По дороге домой, хромая и приволакивая раненую ногу, я чувствовал себя очень одиноким.

Как никогда в жизни.


Ромео все равно продолжал заниматься своими глупостями.

Я обнаружил это совершенно случайно, когда навестил его тем же утром, перед самым рассветом. Он не был в постели, где ему полагалось быть, а сидел за столом, на котором стоял подсвечник с горящей свечой, и неистово царапал пером бумагу. И то, что выходило из-под его пера, имело слишком много завитушек и украшений, чтобы можно было предположить, что это письмо бакалейщику или банкиру. Нет, это было послание девушке. И поэтому я сделал то, что должен делать в таких ситуациях хороший брат: я выдернул лист у него из-под руки и поднес его к горящей свече, чтобы прочитать, пока он возмущался и пытался отобрать его у меня.

Письмо было адресовано «синьорине Розалине», и в нем было все, чего Ромео просили ни в коем случае не делать: слова, мысли и чувства.

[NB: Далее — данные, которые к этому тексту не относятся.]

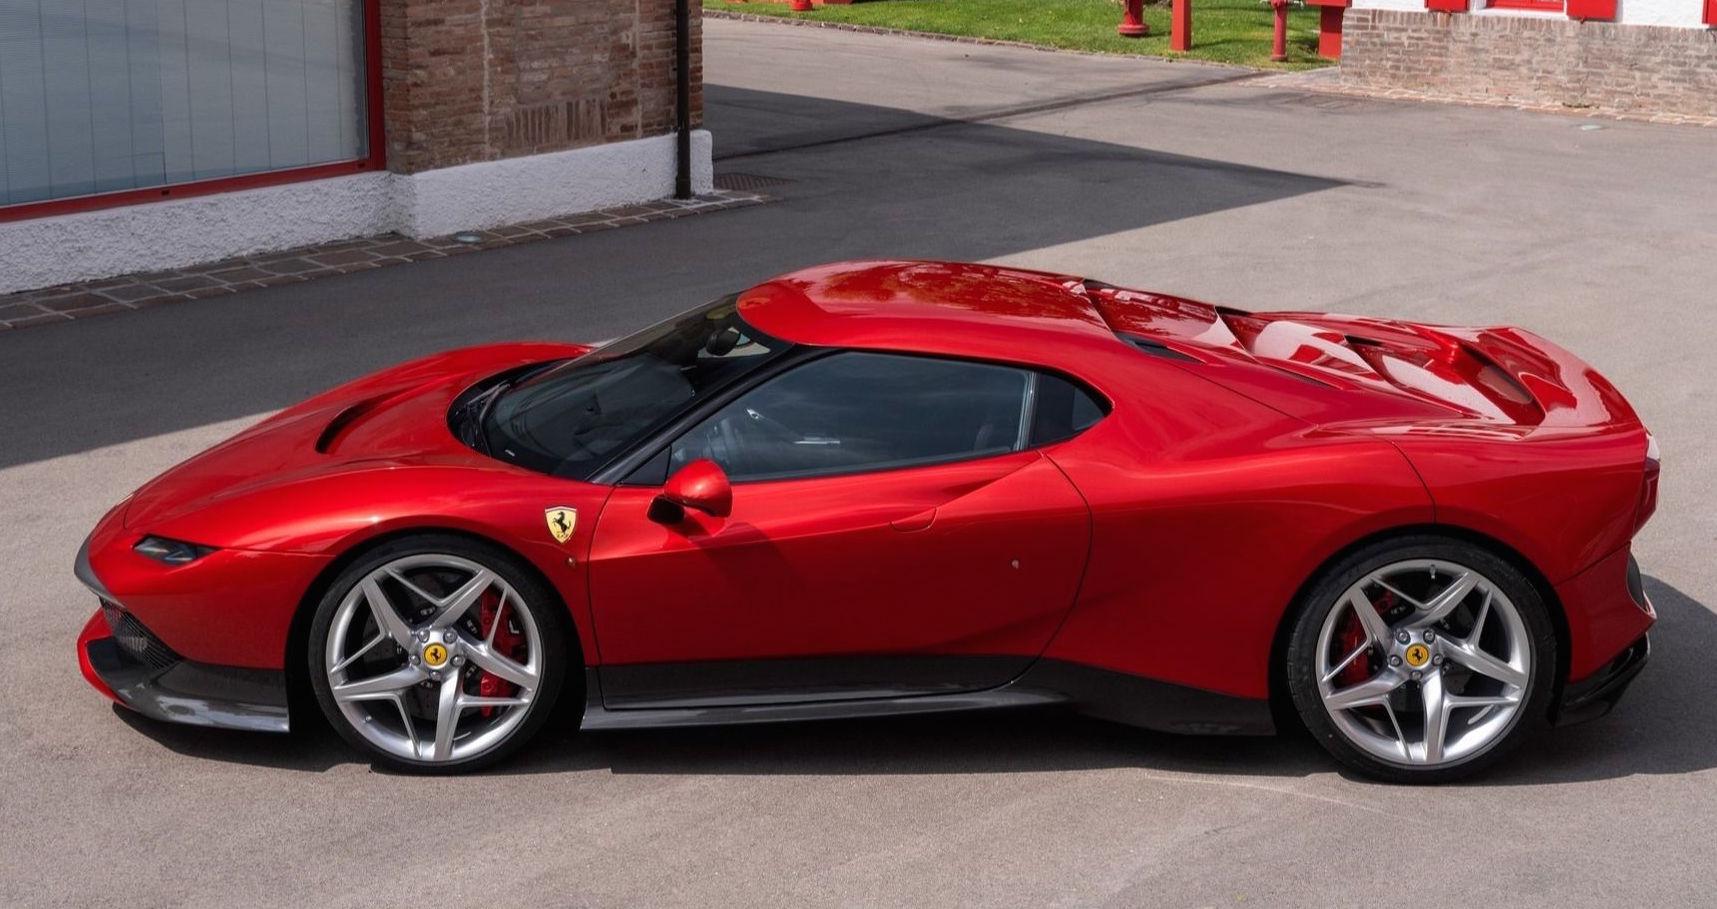 Wujud Ferrari SP38 Deborah yang Hanya Ada Satu Di Dunia
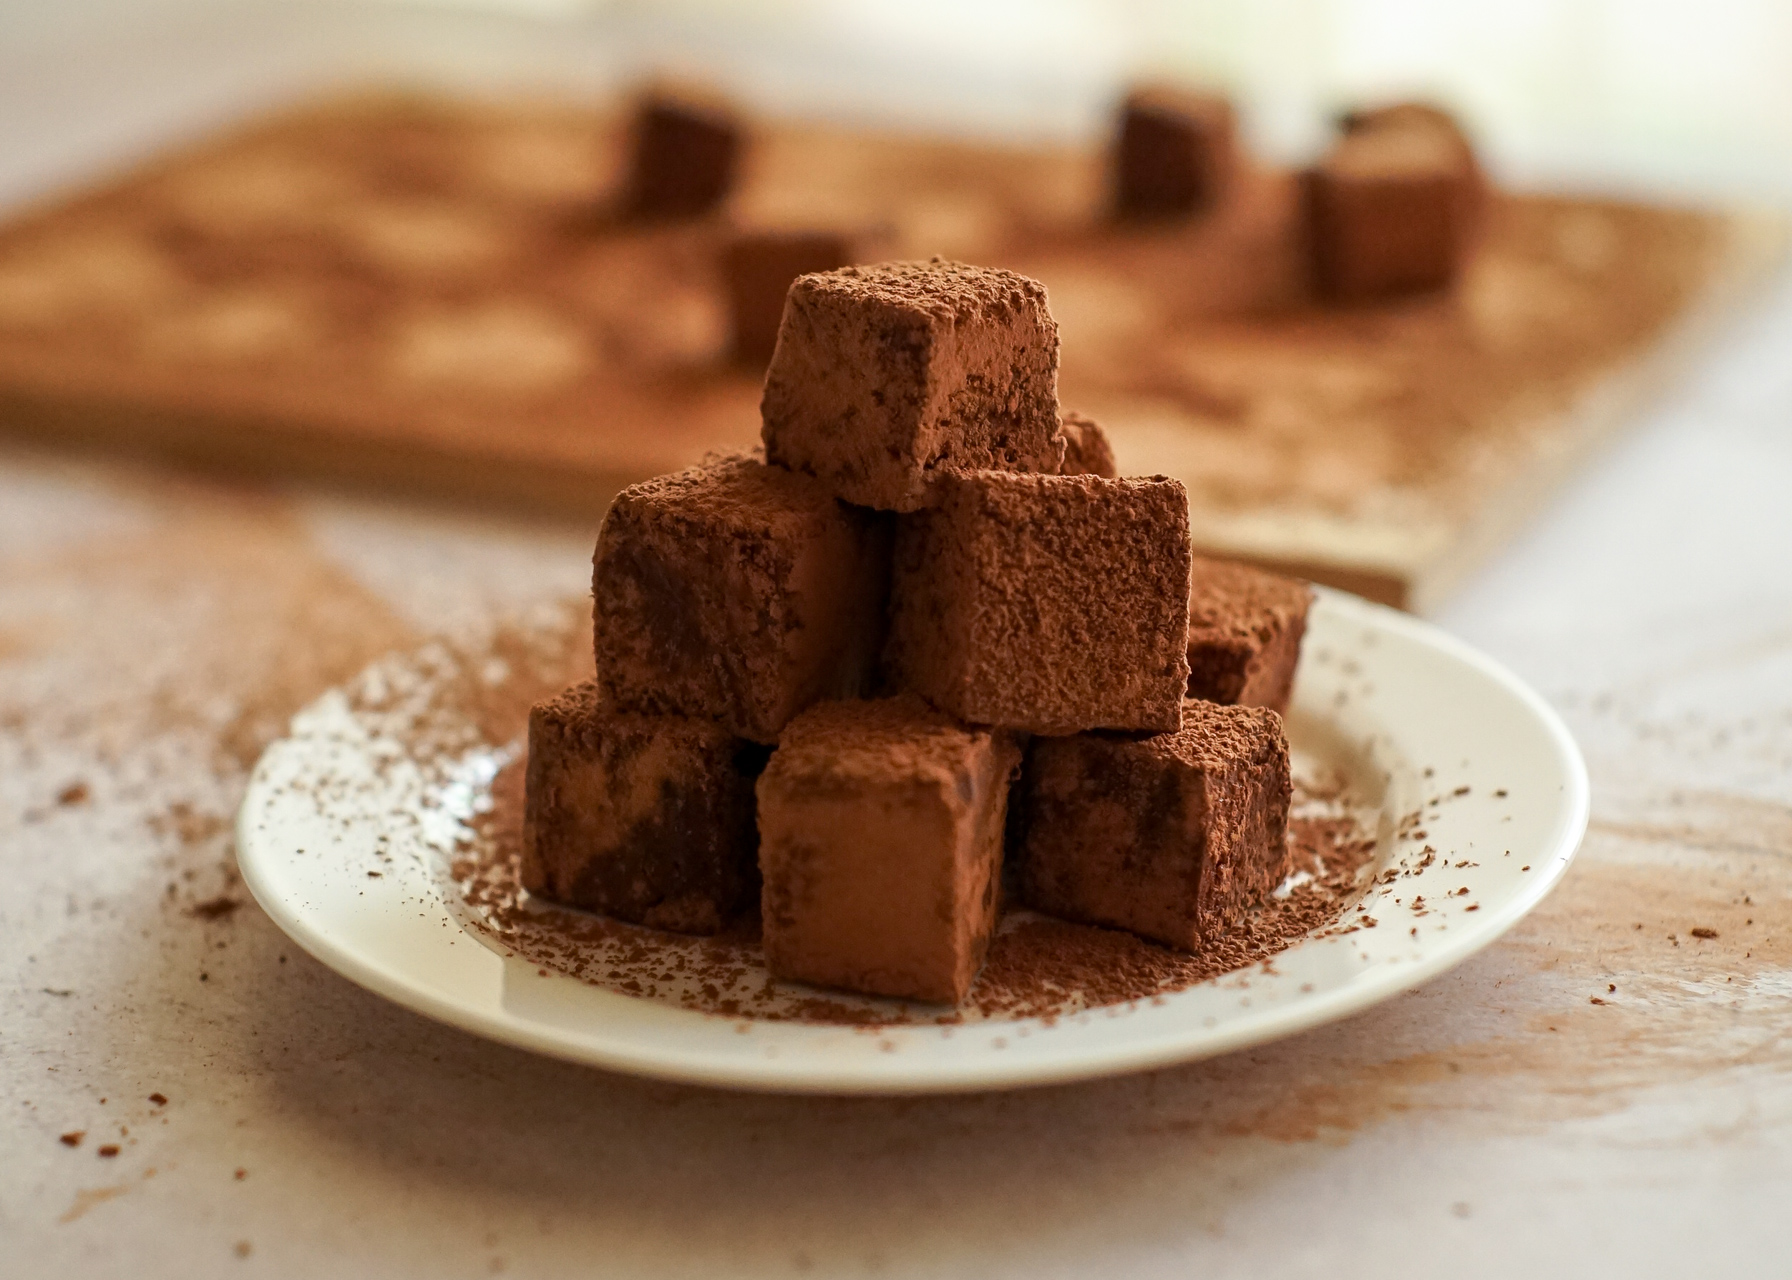 5 Easy Chocolate Dessert Recipes Anyone Can Make

Если бы этот листок увидел еще кто-нибудь – для меня это означало бы смертный приговор, поэтому я шепотом выругался, шагнул к камину, где уже почти погас огонь, и бросил письмо туда. Пламя взметнулось вверх с новой силой, и тут мой кузен набросился на меня с настоящей яростью, и я вынужден был огреть его кочергой, иначе он меня самого бросил бы в огонь. Я только защищался, поэтому удар был несильный и не причинил ему особого вреда, хотя Ромео следовало хорошенько проучить за одну только глупость.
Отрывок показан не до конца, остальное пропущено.